▸ **Aim of the task**
Repeat exactly what runs from the line with "Bounce Rock Skate" through the last line of the material, and keep the pictures out of it.

▸ **Data excerpt**
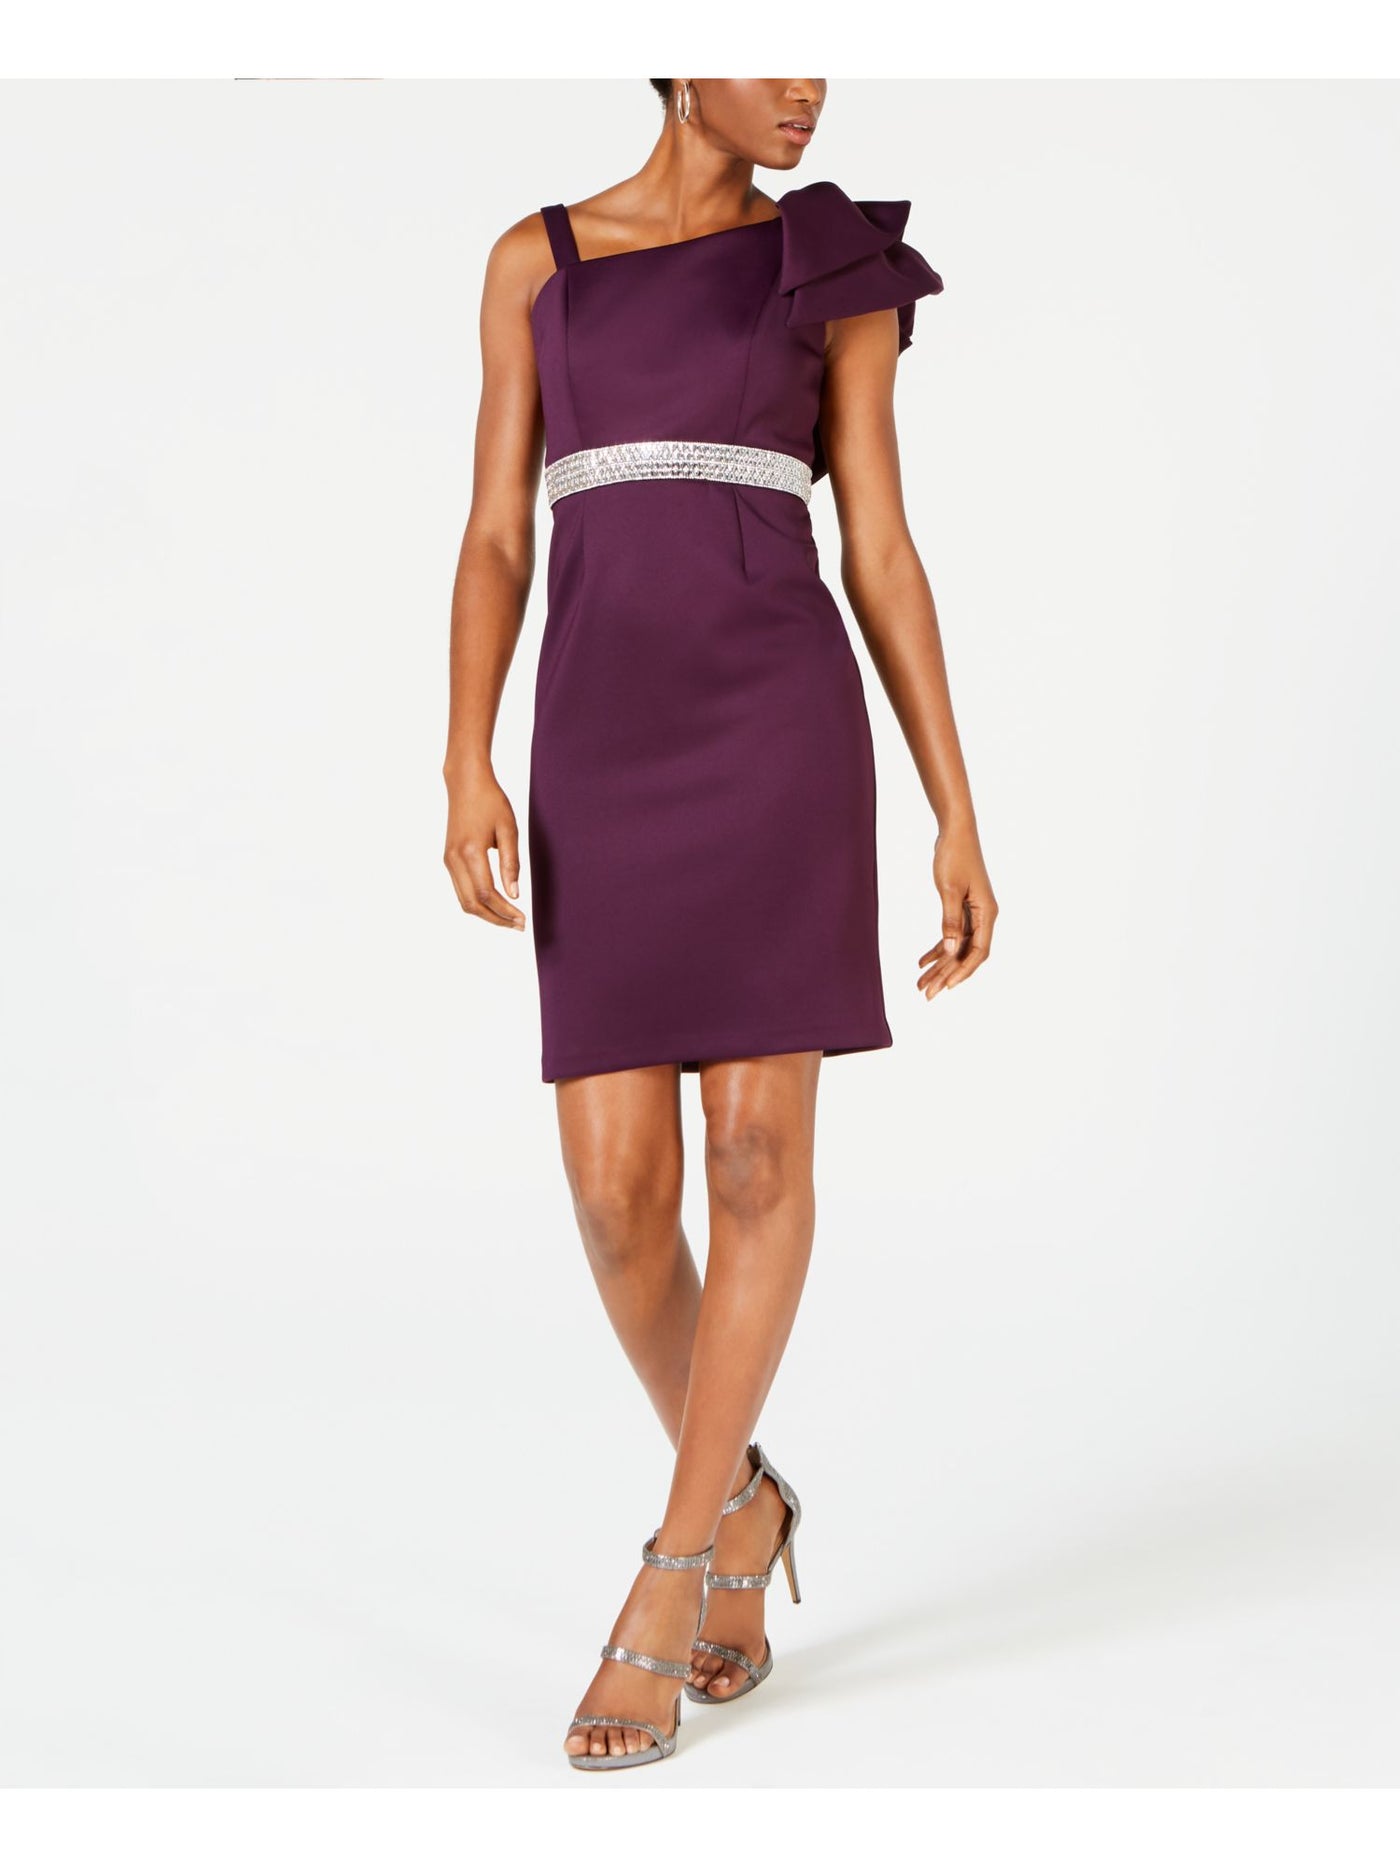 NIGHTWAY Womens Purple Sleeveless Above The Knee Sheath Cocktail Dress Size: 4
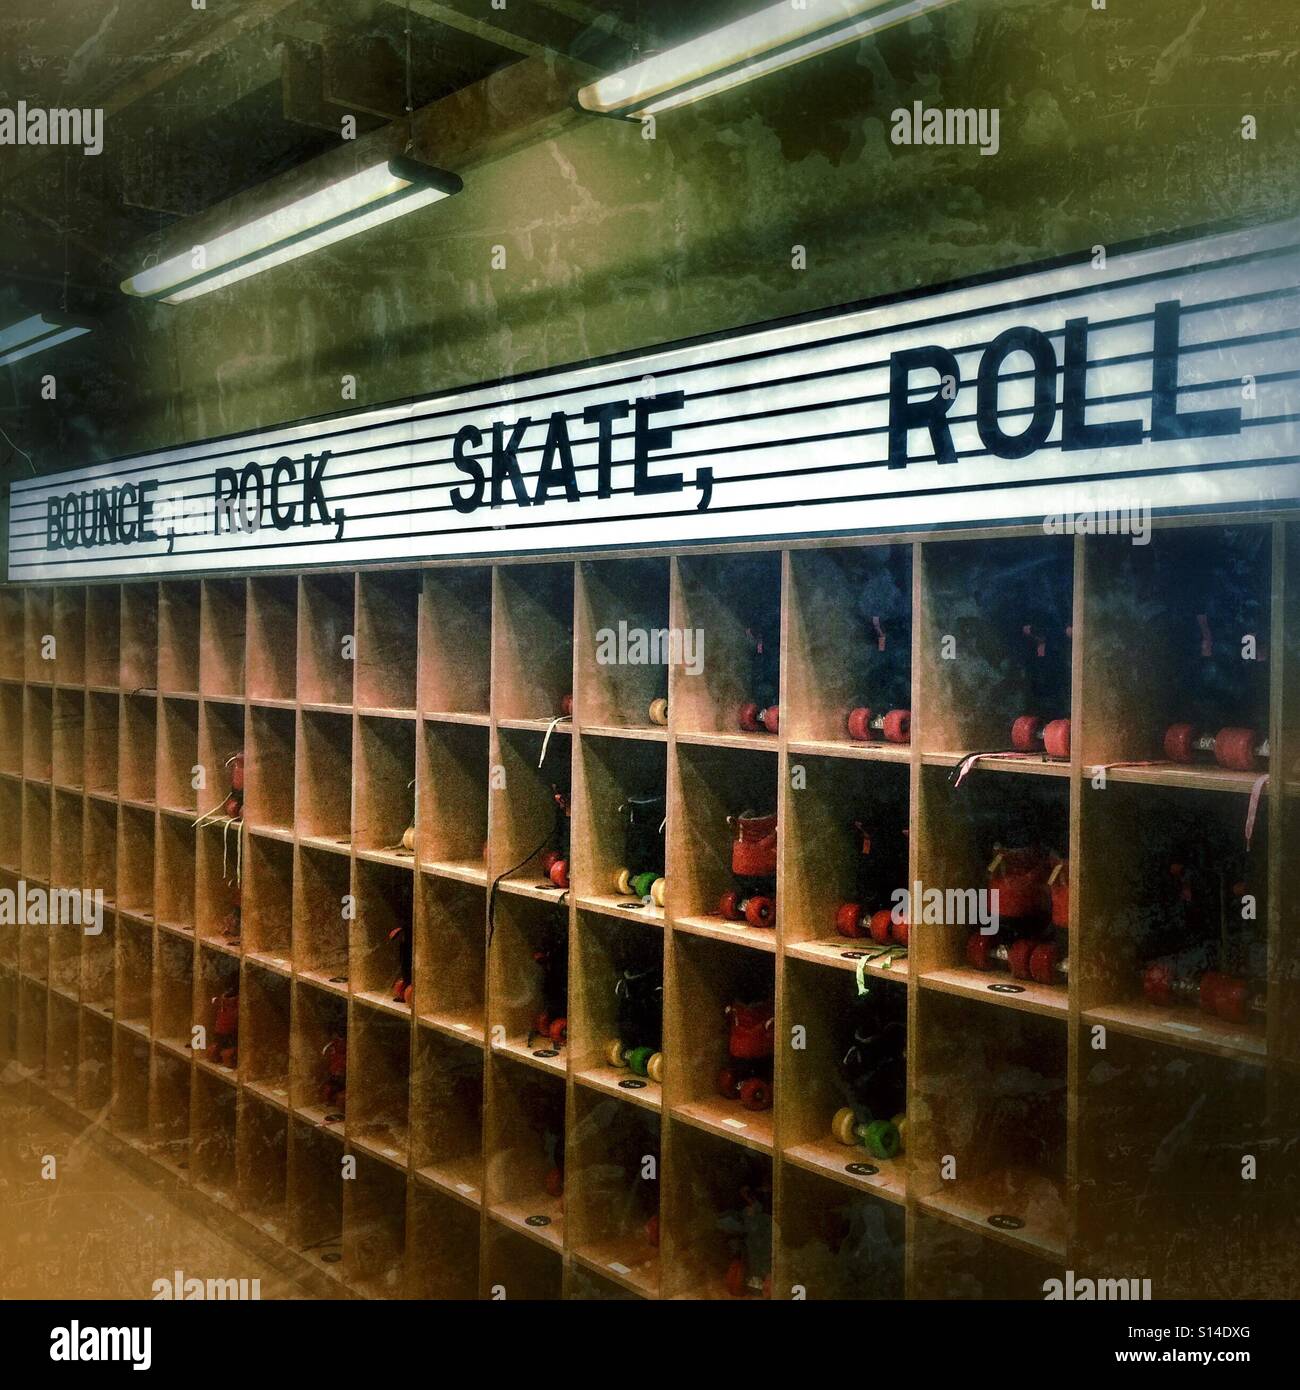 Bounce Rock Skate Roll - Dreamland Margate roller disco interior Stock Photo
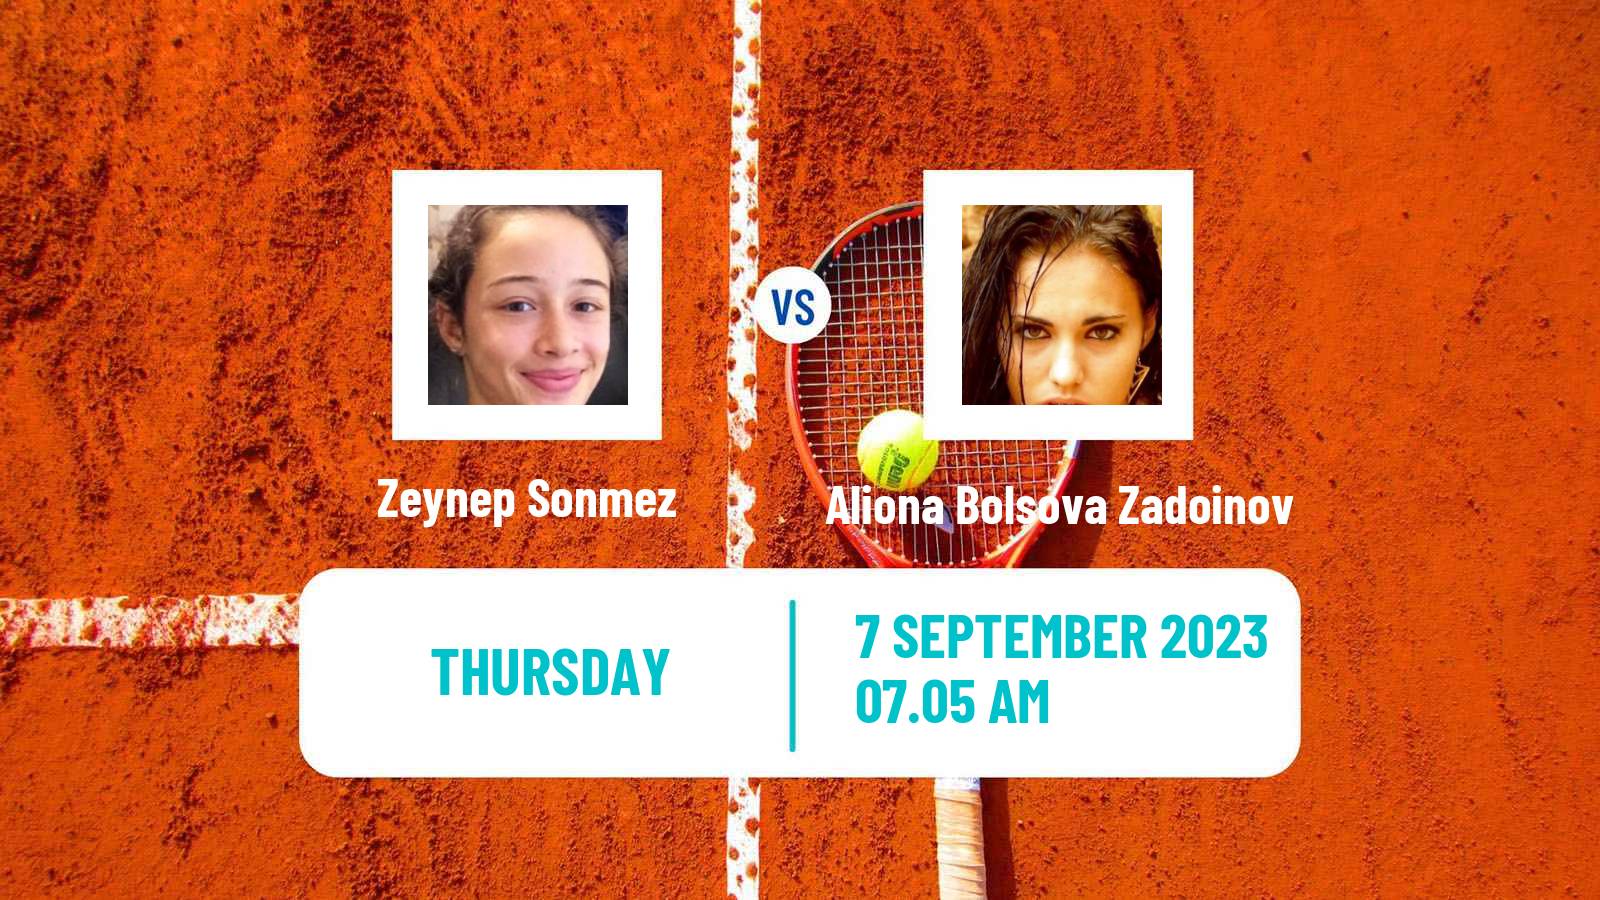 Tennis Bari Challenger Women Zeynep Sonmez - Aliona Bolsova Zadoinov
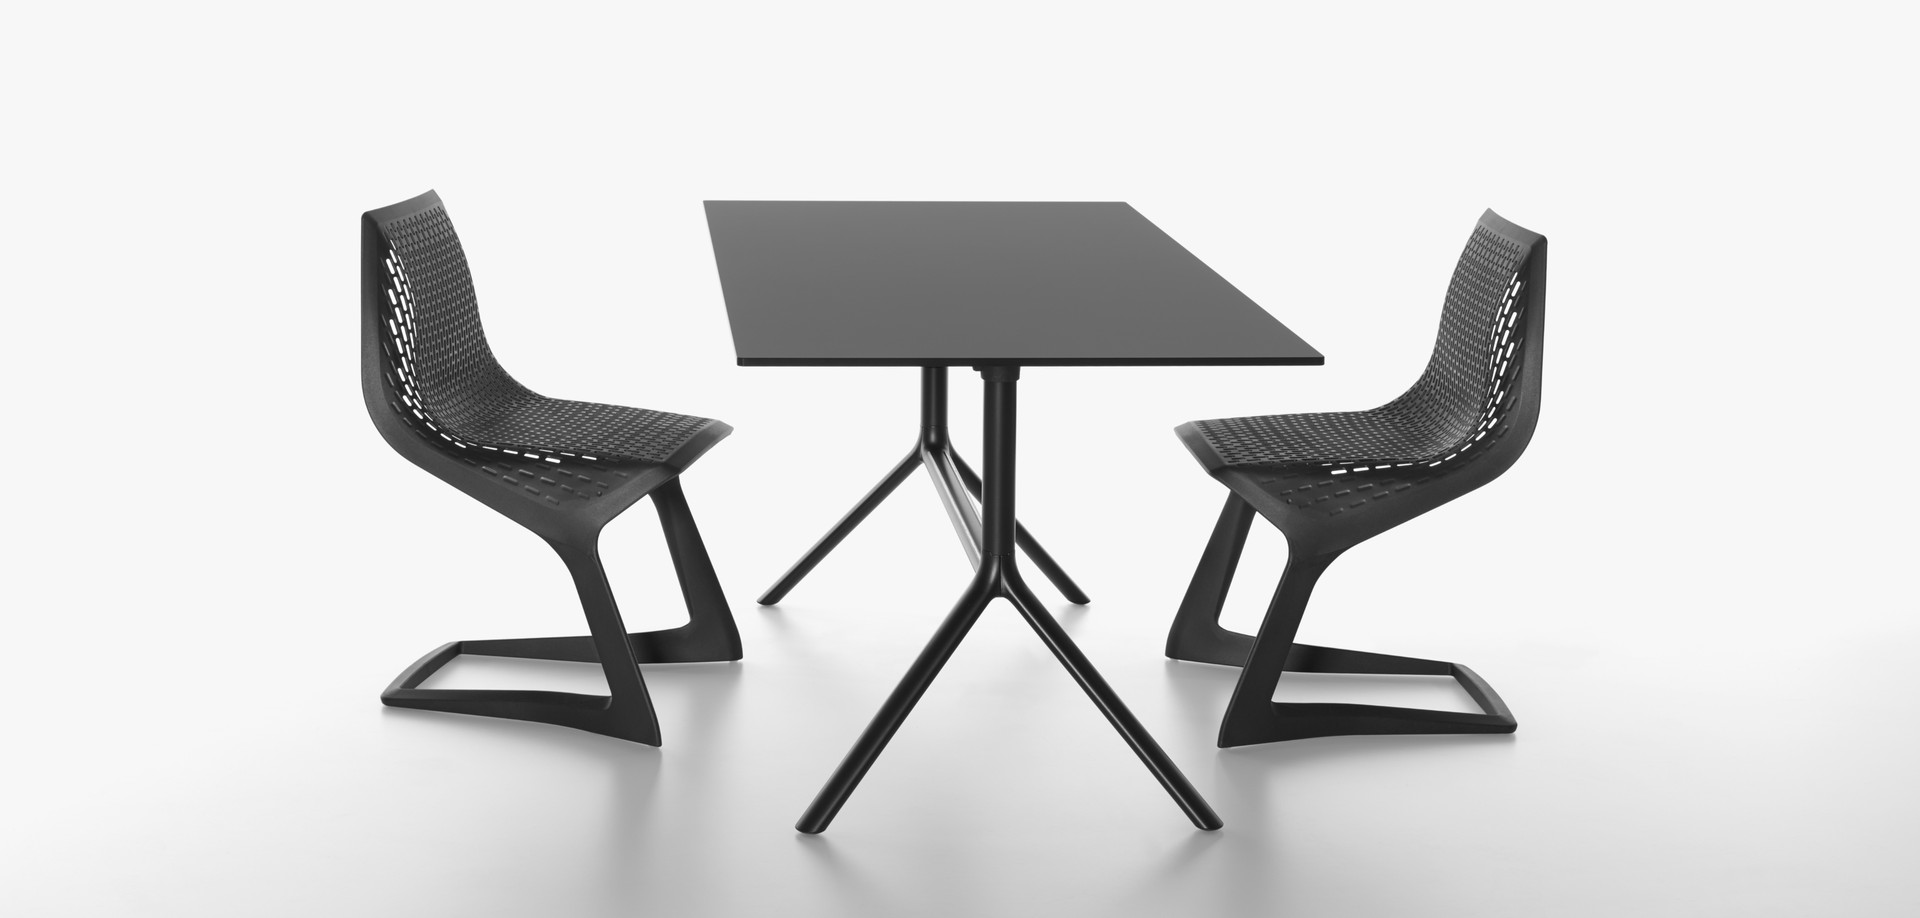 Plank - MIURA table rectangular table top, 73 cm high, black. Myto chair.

▸ **Task solution**
 Bounce Rock Skate Roll - Dreamland Margate roller disco interior Stock Photo
 Tennis Bari Challenger Women Zeynep Sonmez - Aliona Bolsova Zadoinov
 Plank - MIURA table rectangular table top, 73 cm high, black. Myto chair.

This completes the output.